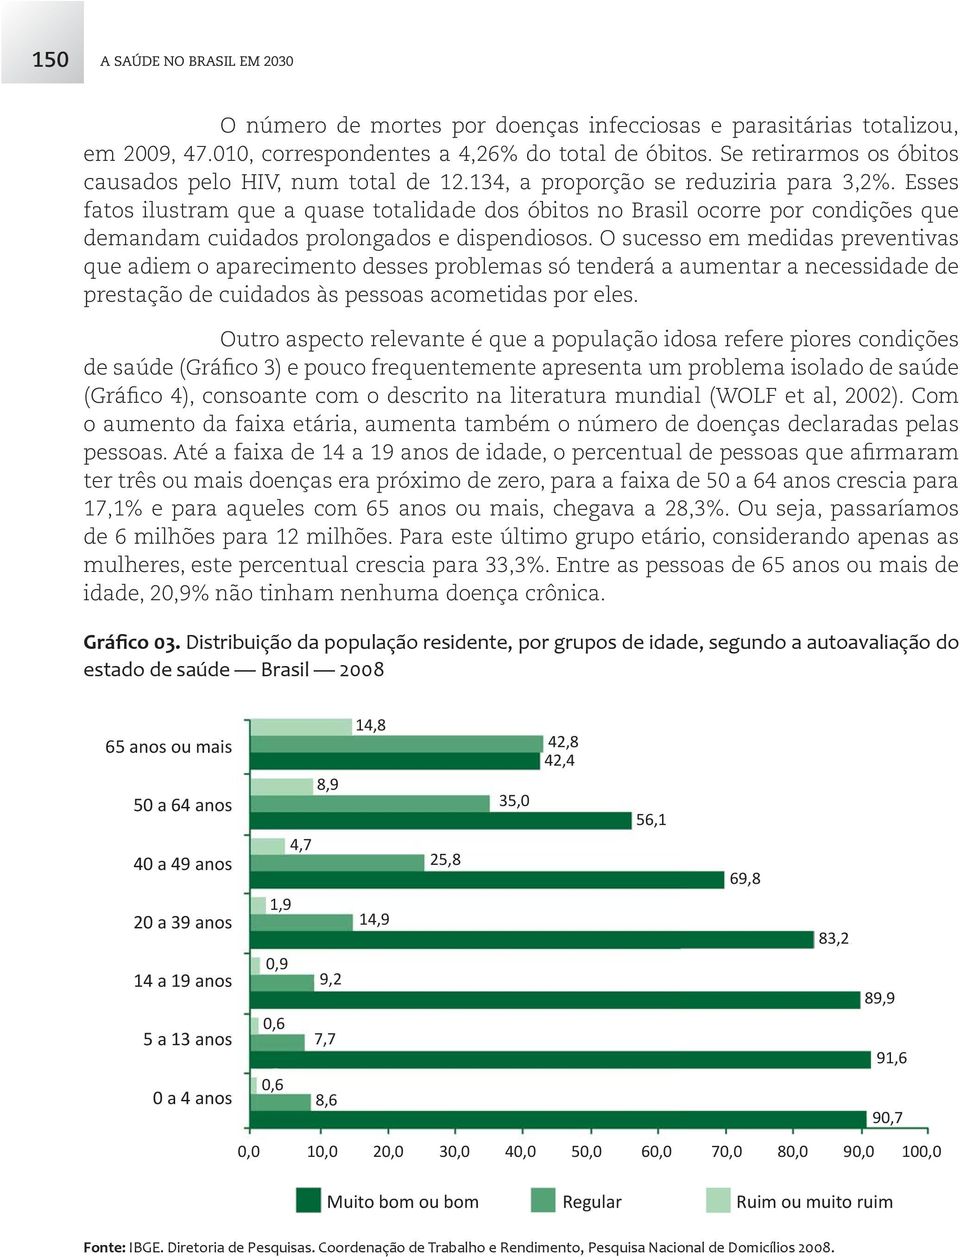 Esses fatos ilustram que a quase totalidade dos óbitos no Brasil ocorre por condições que demandam cuidados prolongados e dispendiosos.
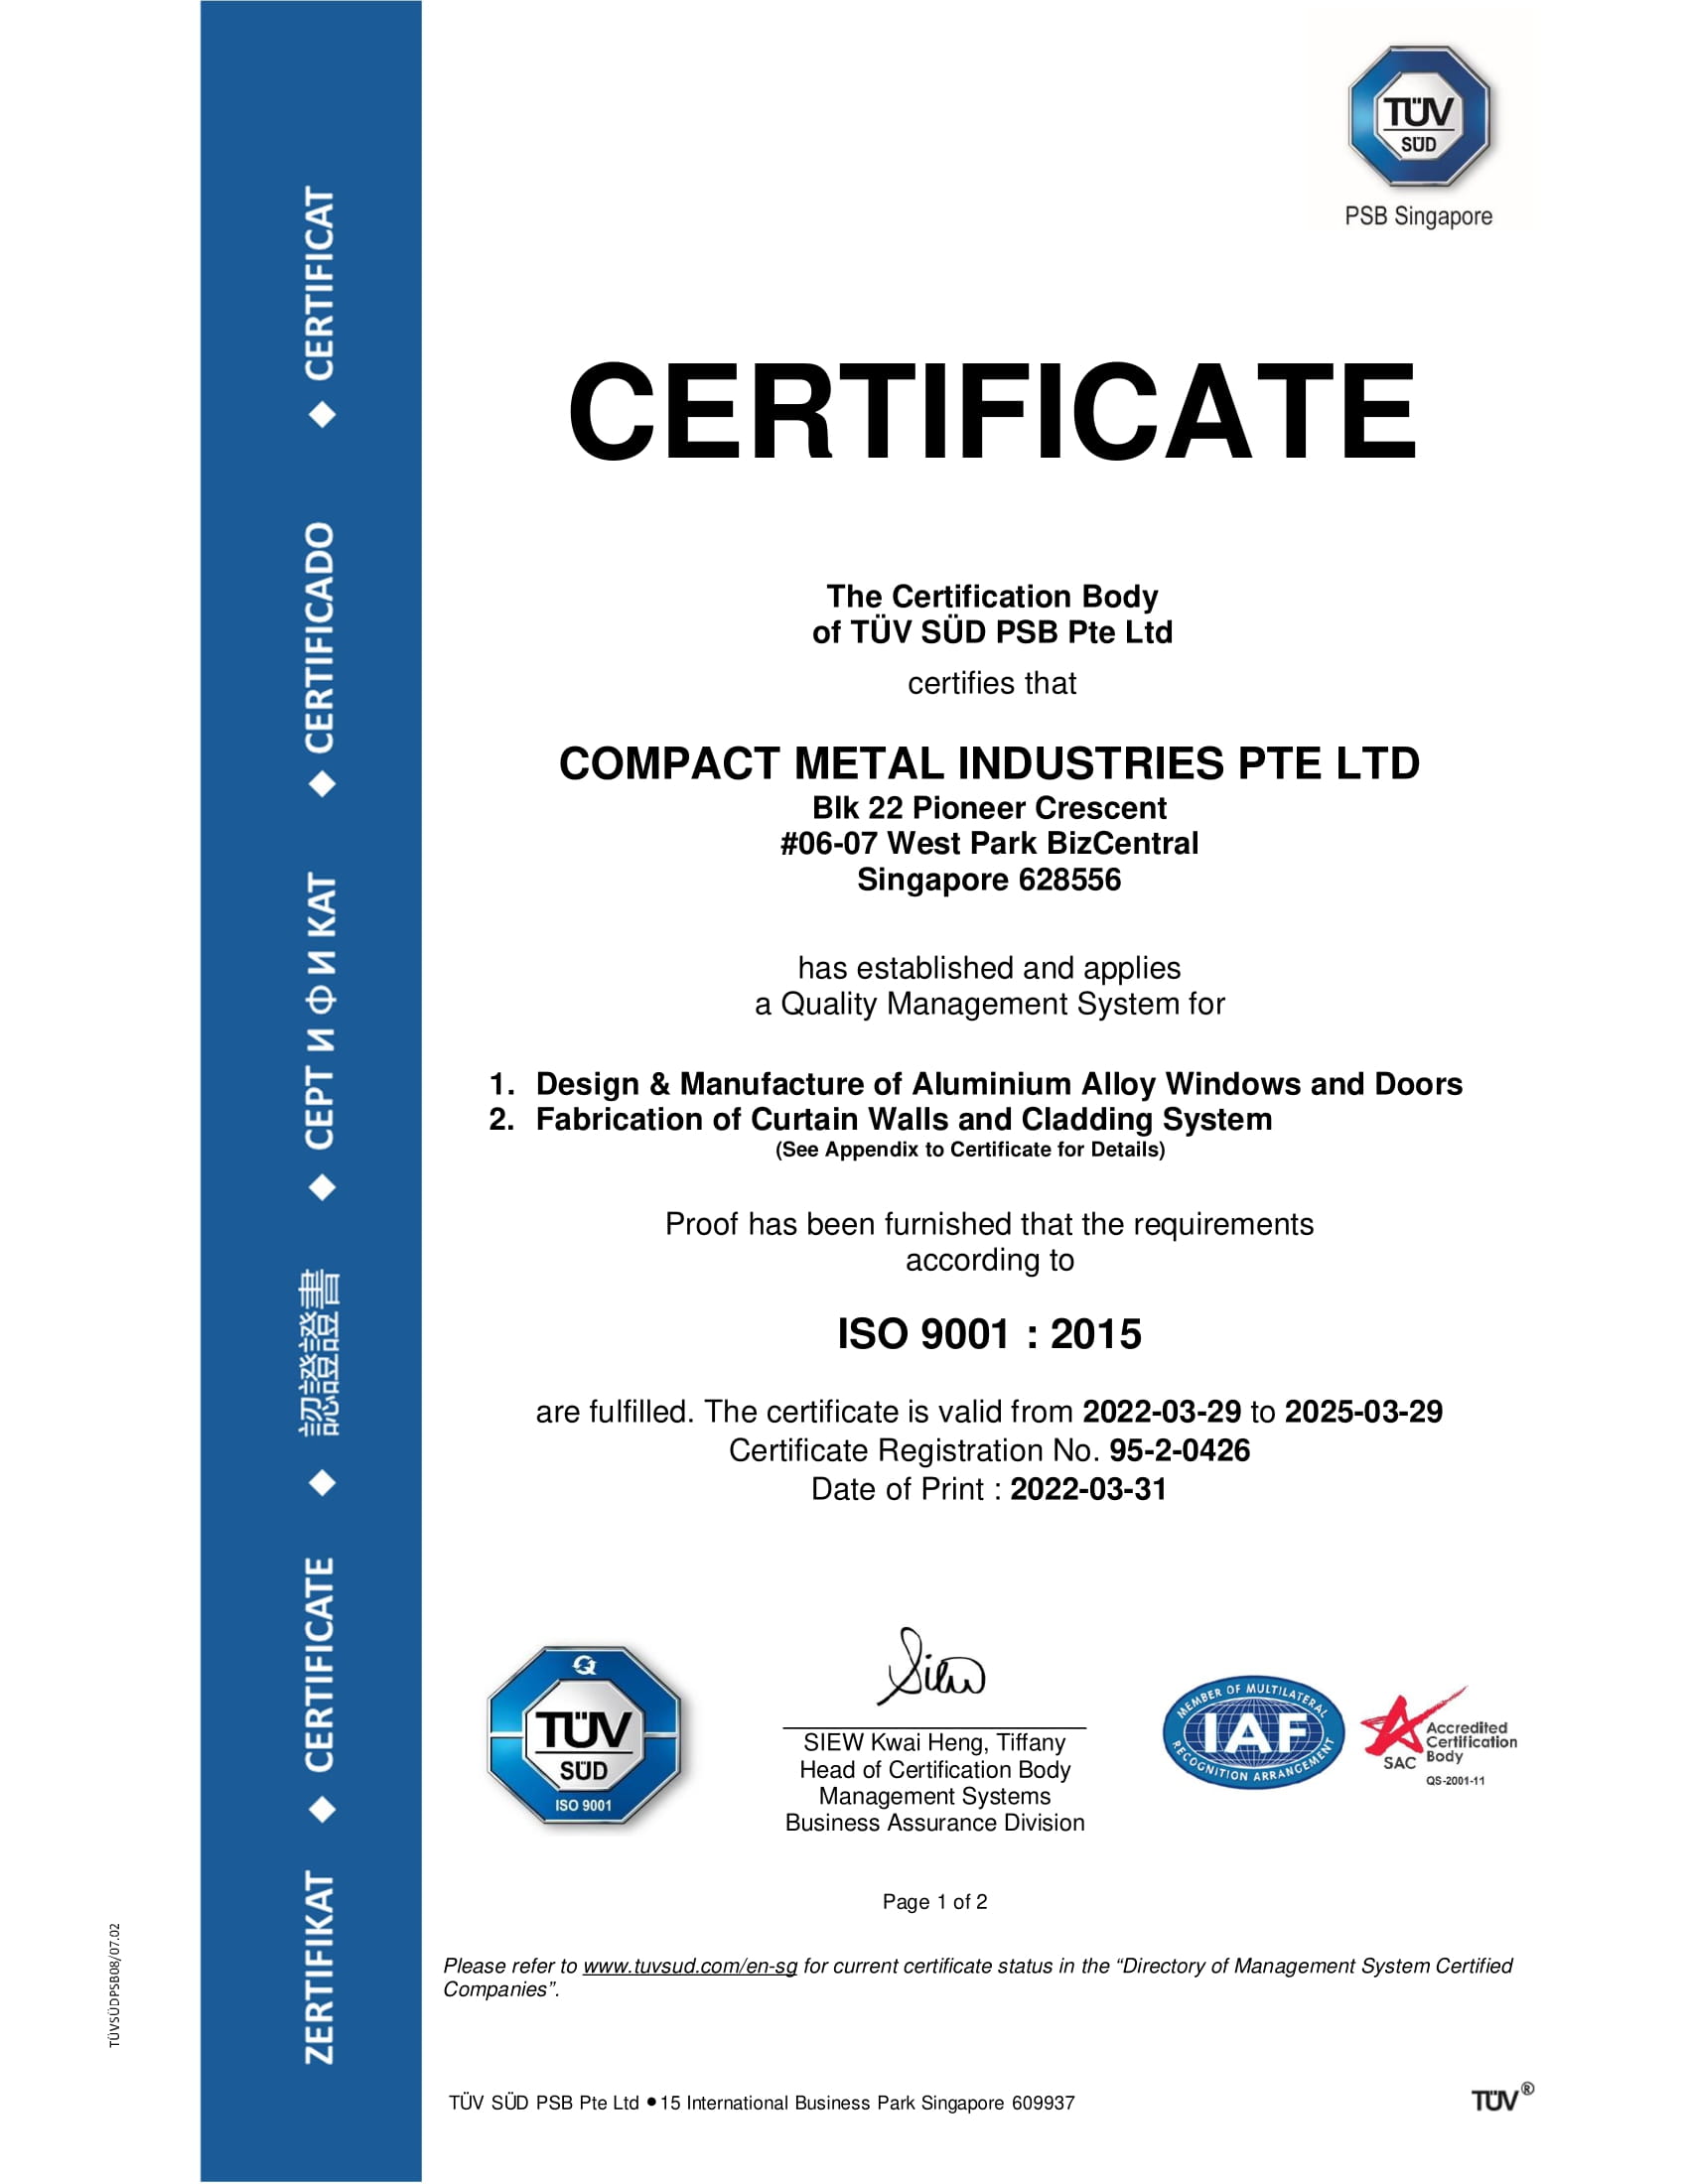 Iso 9001 Certificate Valid Till 29.3.2025 1
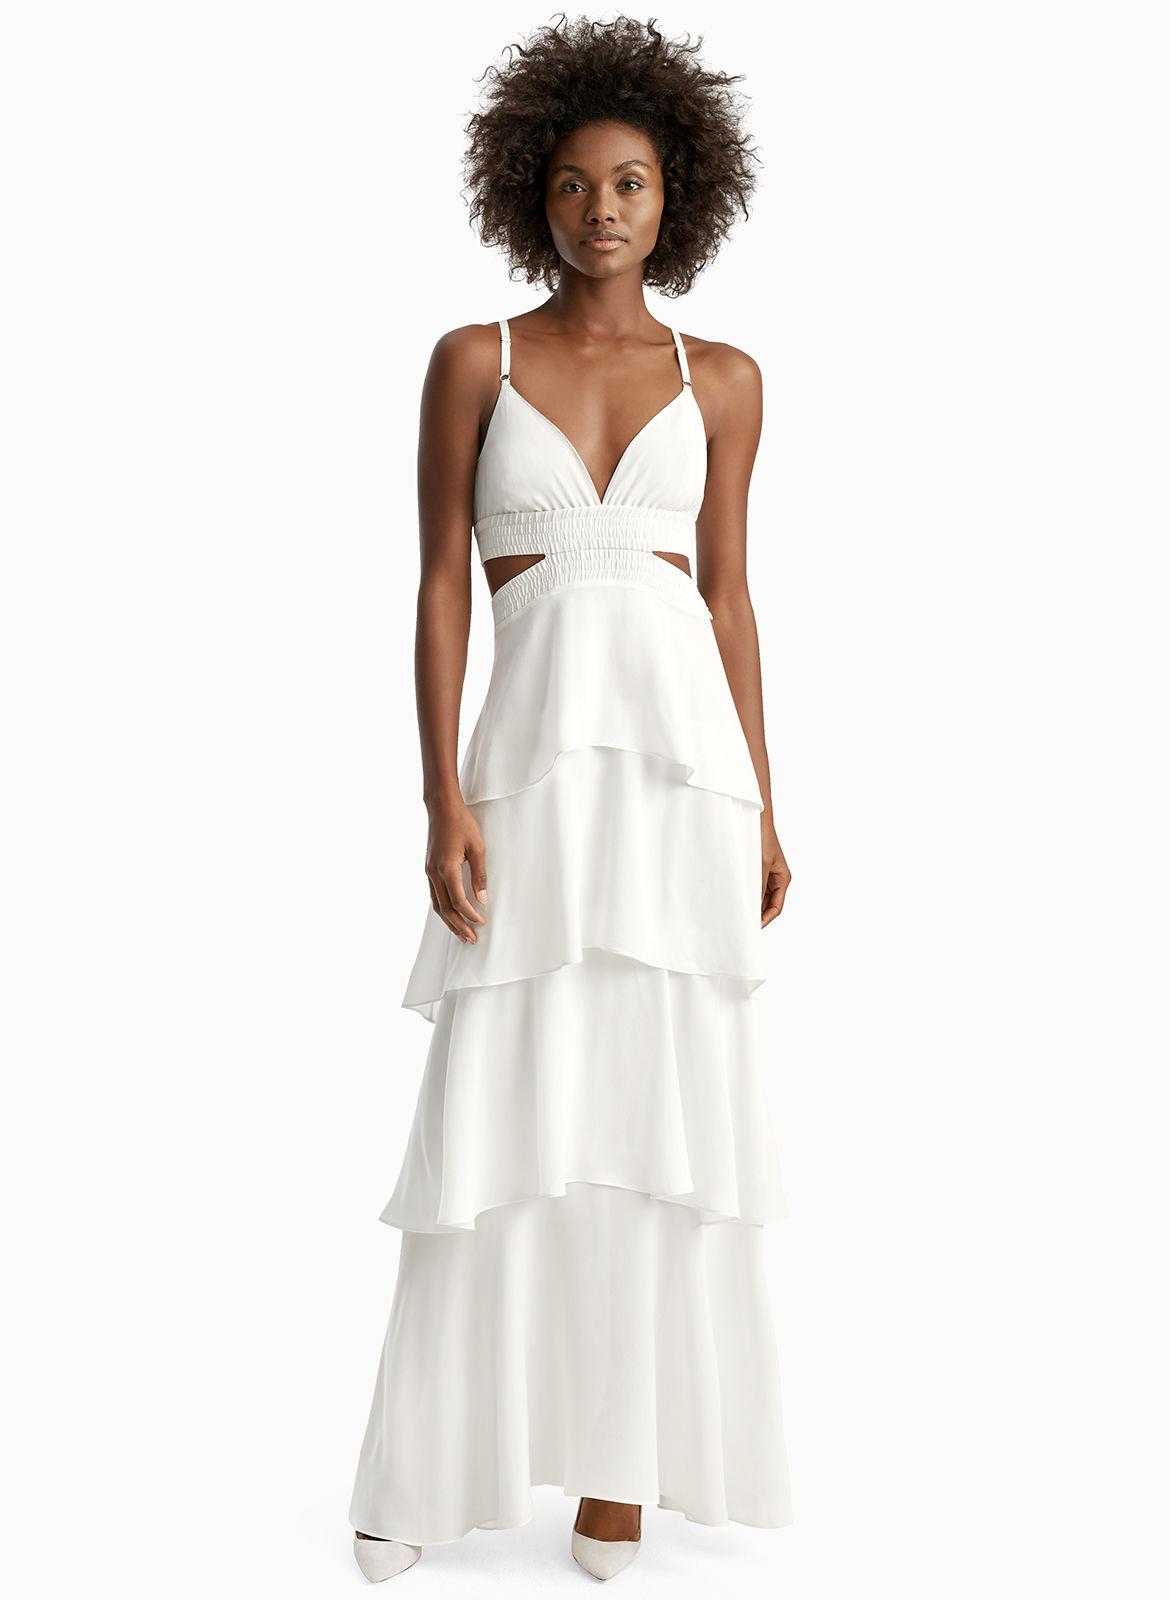 alc white dress
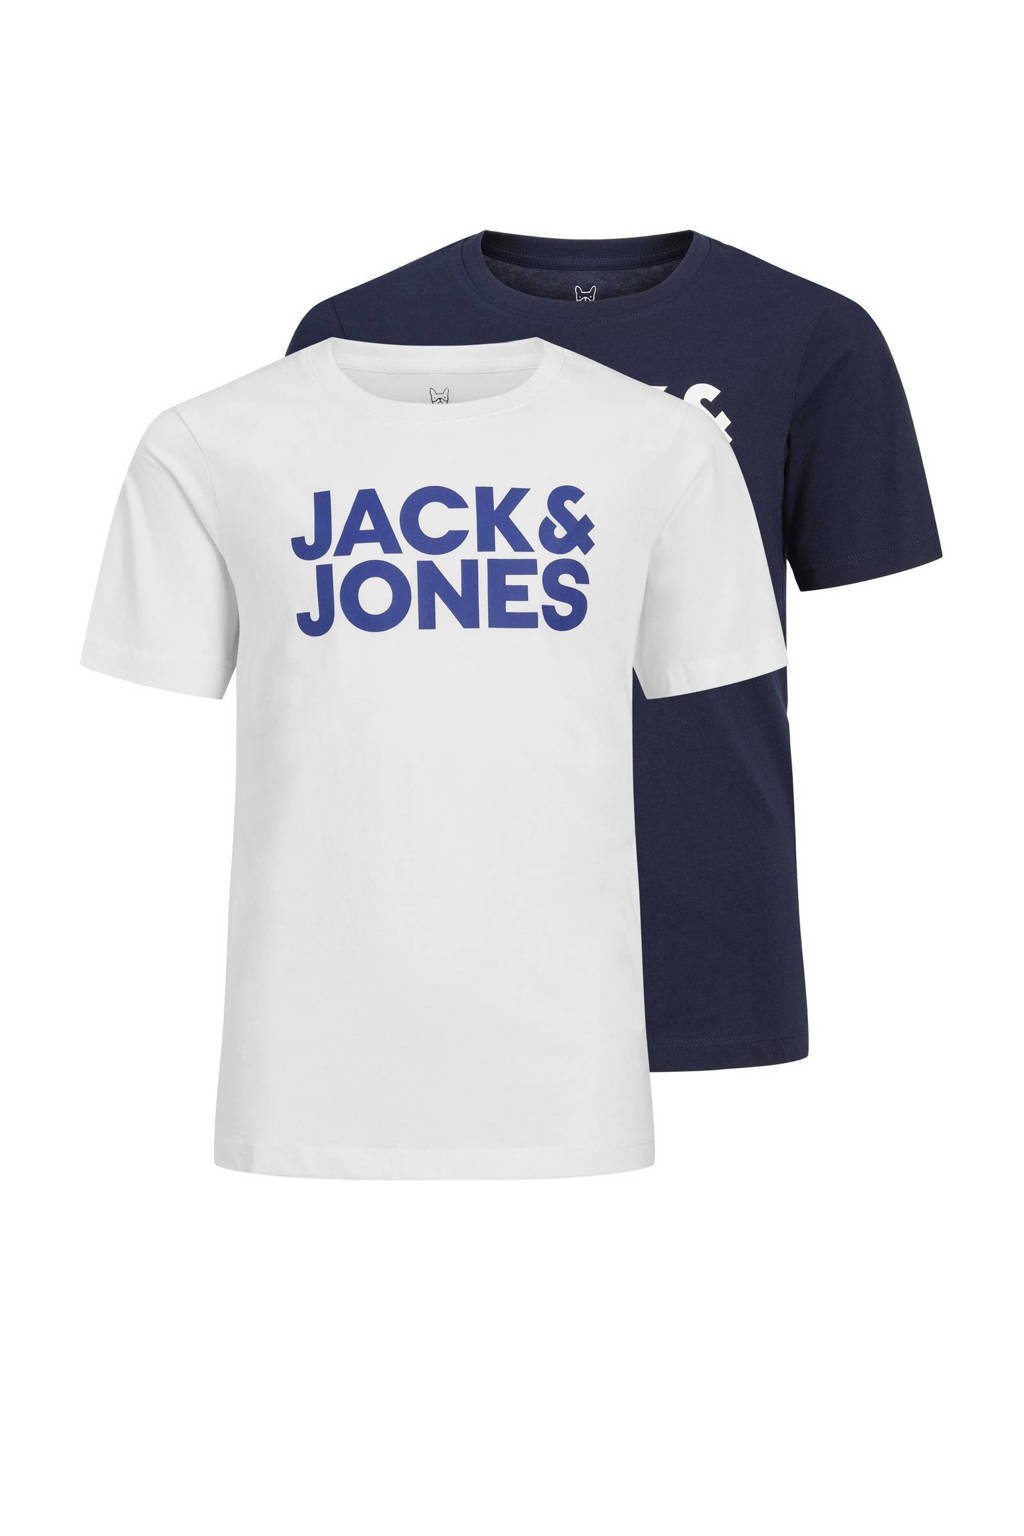 Set van 2 donkerblauw en witte jongens JACK & JONES JUNIOR t-shirt van katoen met logo dessin, korte mouwen en ronde hals
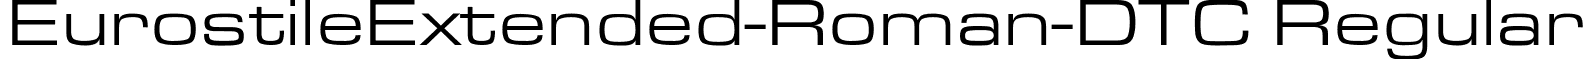 EurostileExtended-Roman-DTC Regular font - EUROSTI3.ttf
• • • • • • •
INSTRUCTIONS FOR THE TASK -> When you reach an image, pass over it, and retype all other material exactly.

ANSWER BOX ->
 Esses fatos ilustram que a quase totalidade dos óbitos no Brasil ocorre por condições que demandam cuidados prolongados e dispendiosos.
 Iso 9001 Certificate Valid Till 29.3.2025 1
 alc white dress
 Set van 2 donkerblauw en witte jongens JACK & JONES JUNIOR t-shirt van katoen met logo dessin, korte mouwen en ronde hals
 EurostileExtended-Roman-DTC Regular font - EUROSTI3.ttf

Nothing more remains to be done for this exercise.